Человека не стало, и мы ничего не узнали. Асфодель на другом берегу остался, как прежде, неясным. Мы держим в руках мертвую книгу. Или мы ошибаемся? Порой, перелистывая шедевр Себастьяна, я чувствую, что “совершенное решение” где-то здесь, то ли скрытое в каком-то пассаже, прочитанном мной слишком поспешно, то ли сплетенное с иными словами, привычные обличия которых меня обманули. Я не знаю другой книги, которая создавала бы это особое ощущение, и, может быть, в том-то и состояло особое намеренье автора.

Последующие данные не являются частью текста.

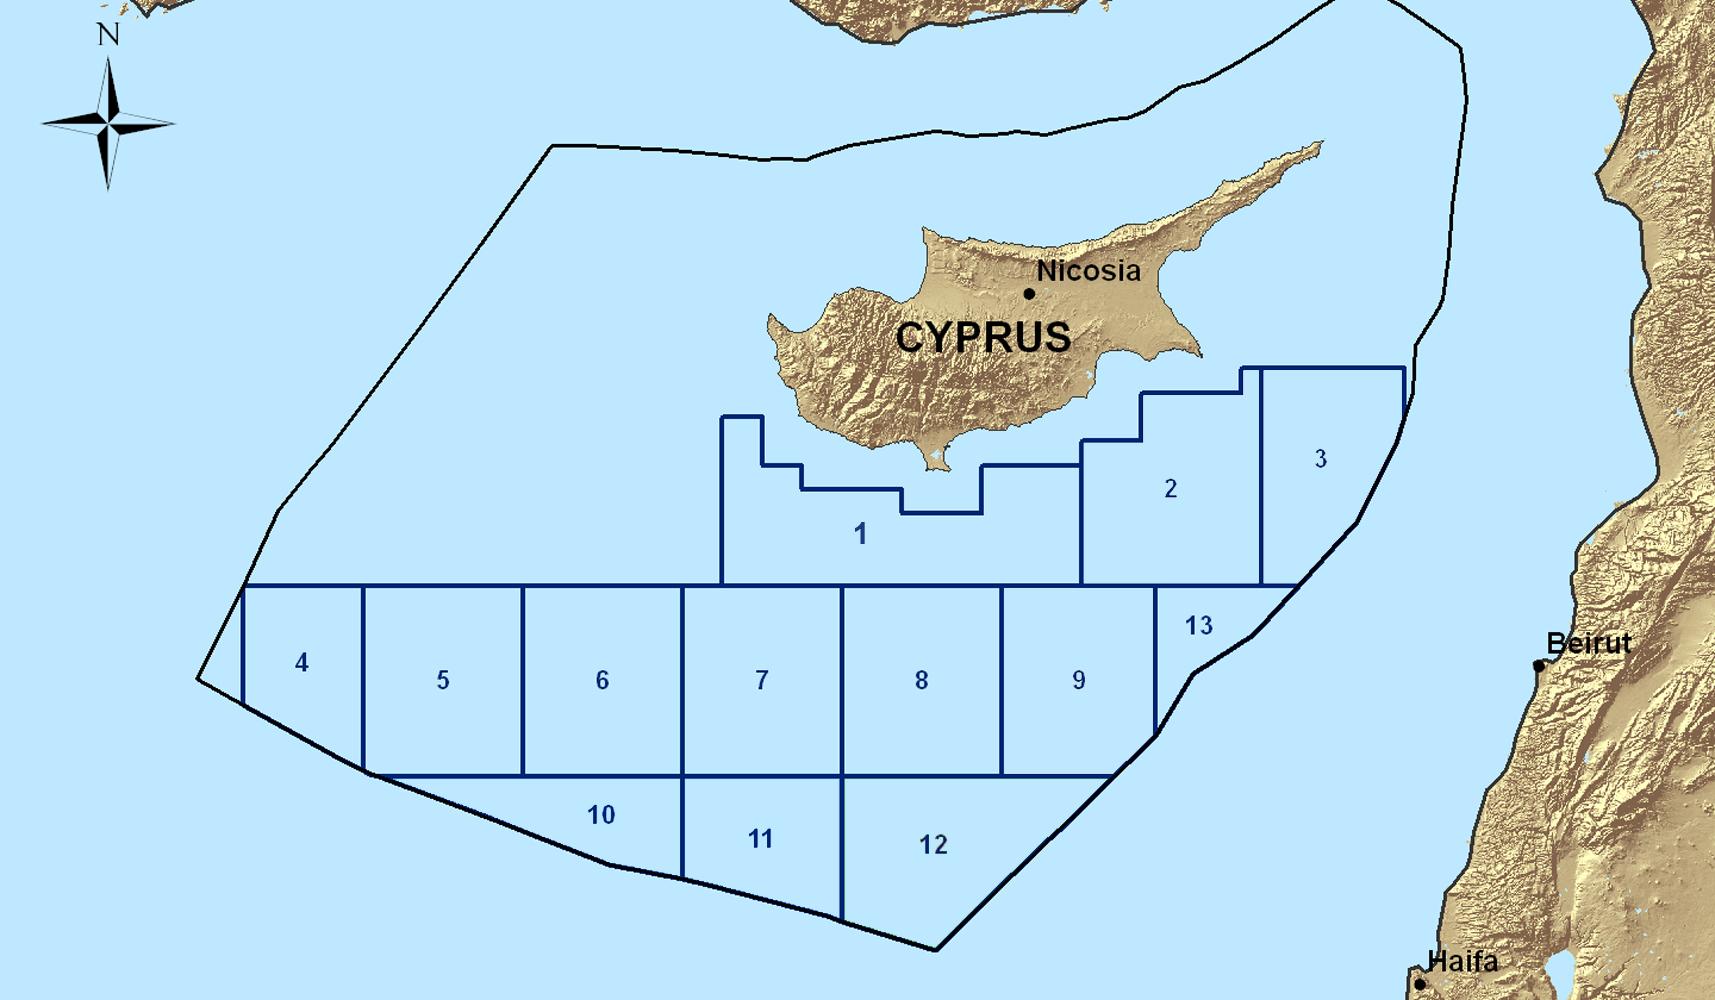 Ο κορωνοϊός αιτία για την καθυστέρηση των γεωτρήσεων της ExxonMobil στην κυπριακή ΑΟΖ;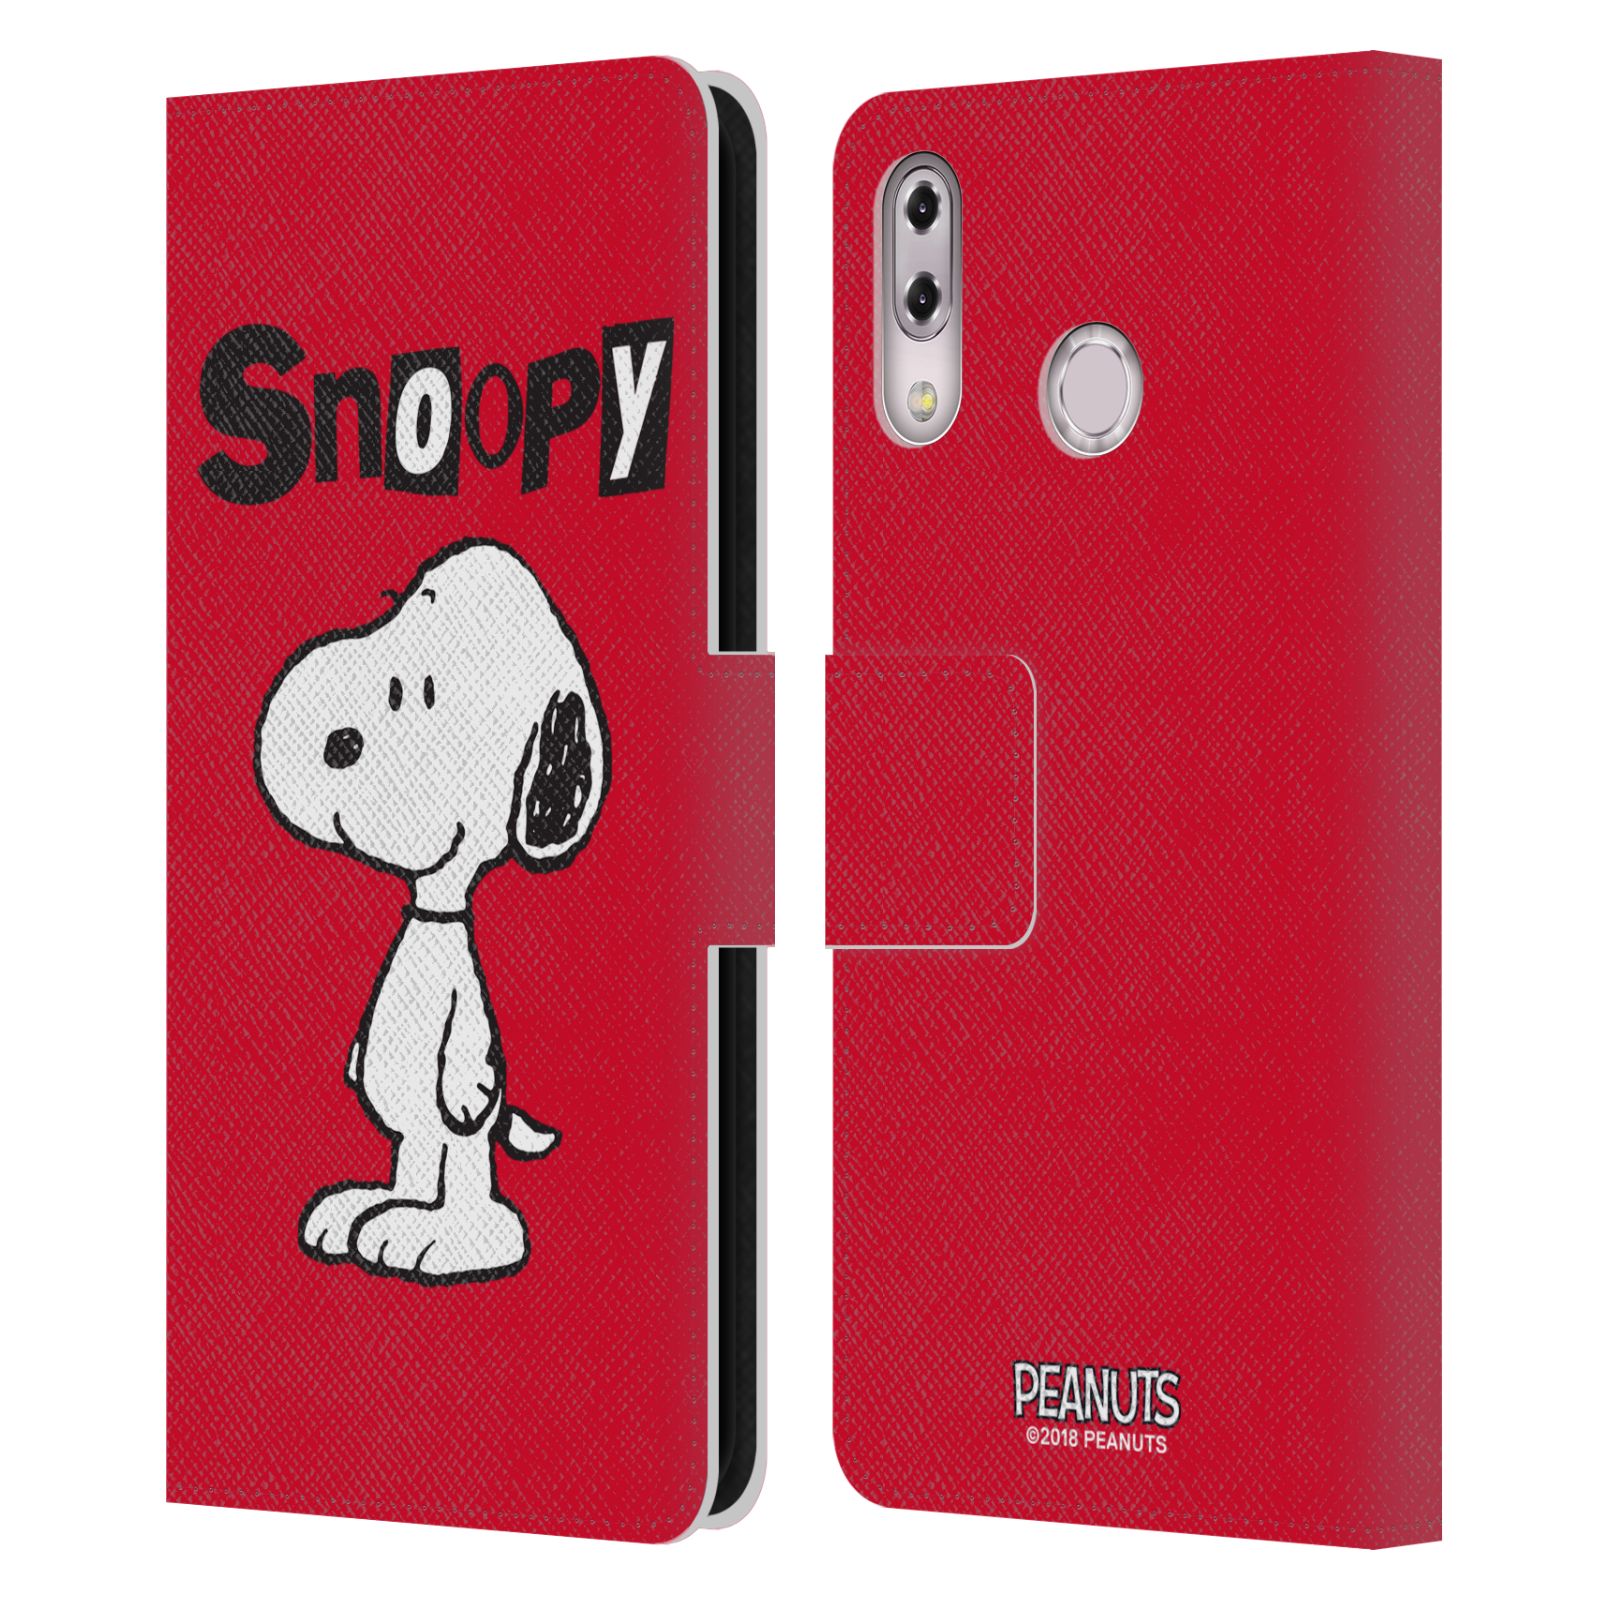 Pouzdro na mobil Asus Zenfone 5z ZS620KL, 5 ZE620KL  - HEAD CASE - Peanuts - Snoopy červená

Я живо помню день, когда увидал в английской газете объявление о выходе “Неясного асфоделя”. Номер газеты попался мне в вестибюле парижского отеля, где я ожидал человека, которого моя фирма желала улестить в расчете на заключение некоторой сделки. Я не очень хорош по части улещиванья, да и сделка представлялась мне вовсе не такой многообещающей, как моим хозяевам. И пока я одиноко сидел в похоронно уютном холле, и читал издательскую рекламу, и смотрел на красивую черную фамилию Себастьяна, набранную прописными буквами, я завидовал его доле гораздо острее, чем когда-либо прежде. Я не знал, где он сейчас, я почти уж шесть лет не видел его, не знал я и того, как он болен и как несчастлив. Напротив, эта реклама в газете казалась мне знамением счастья, – и я представлял, как он стоит в теплой и светлой зале какого-то клуба, сунув руки в карманы; уши пылают, влажно сияют глаза, по губам блуждает улыбка, – и все, кто ни есть в комнате, стоят вкруг него, держа стаканы с портвейном, и смеются его остротам. Глупая вышла картинка, но она сверкала дрожащим орнаментом белых пластронов и черных обеденных фраков, и мягким тоном вина, и ясным очерком лиц – вроде одной из тех цветных фотографий, что помещают на задних обложках журналов. Я решил раздобыть эту книгу, едва она выйдет; я всегда сразу же добывал его книги, но почему-то заполучить эту мне не терпелось особенно. Тем временем спустился вниз человек, которого я ожидал. В разговоре о разных разностях, предварившем обсуждение нашего дела, я между прочим указал ему на объявленье в газете и спросил, не читал ли он каких-либо книг Себастьяна Найта. Он сказал, что читал одну или две – “Что-то там призматическое” и “Утерянные вещи”. Я спросил, как они ему показались. Он ответил, что в общем понравились, но только автор произвел на него впечатление страшного сноба, по крайней мере в интеллектуальном отношении. Я попросил пояснить, и он добавил, что Найт, как ему представляется, все время играет в какую-то игру собственного изобретения, не сообщая партнерам правил. Он сказал, что предпочитает книги, которые заставляют задуматься, а книги Найта не то – они оставляют человека озадаченным и раздраженным. Тут он заговорил о другом здравствующем ныне писателе, которого ставил много выше Найта. Я воспользовался паузой, чтобы начать деловую беседу. Она оказалась совсем не такой успешной, как рассчитывала моя фирма.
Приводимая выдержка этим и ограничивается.